• [Material to process]:
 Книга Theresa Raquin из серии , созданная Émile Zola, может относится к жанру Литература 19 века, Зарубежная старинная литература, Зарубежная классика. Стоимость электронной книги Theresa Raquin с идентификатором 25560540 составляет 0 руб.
* * *
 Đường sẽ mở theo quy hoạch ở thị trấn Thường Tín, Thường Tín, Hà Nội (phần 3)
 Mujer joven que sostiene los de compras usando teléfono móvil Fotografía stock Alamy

• [Task description]:
Within the material above, copy exactly the lines from the line that holds "Đường sẽ mở" up to and including the line that holds "Mujer joven que".

• [Output below]:
 Đường sẽ mở theo quy hoạch ở thị trấn Thường Tín, Thường Tín, Hà Nội (phần 3)
 Mujer joven que sostiene los de compras usando teléfono móvil Fotografía stock Alamy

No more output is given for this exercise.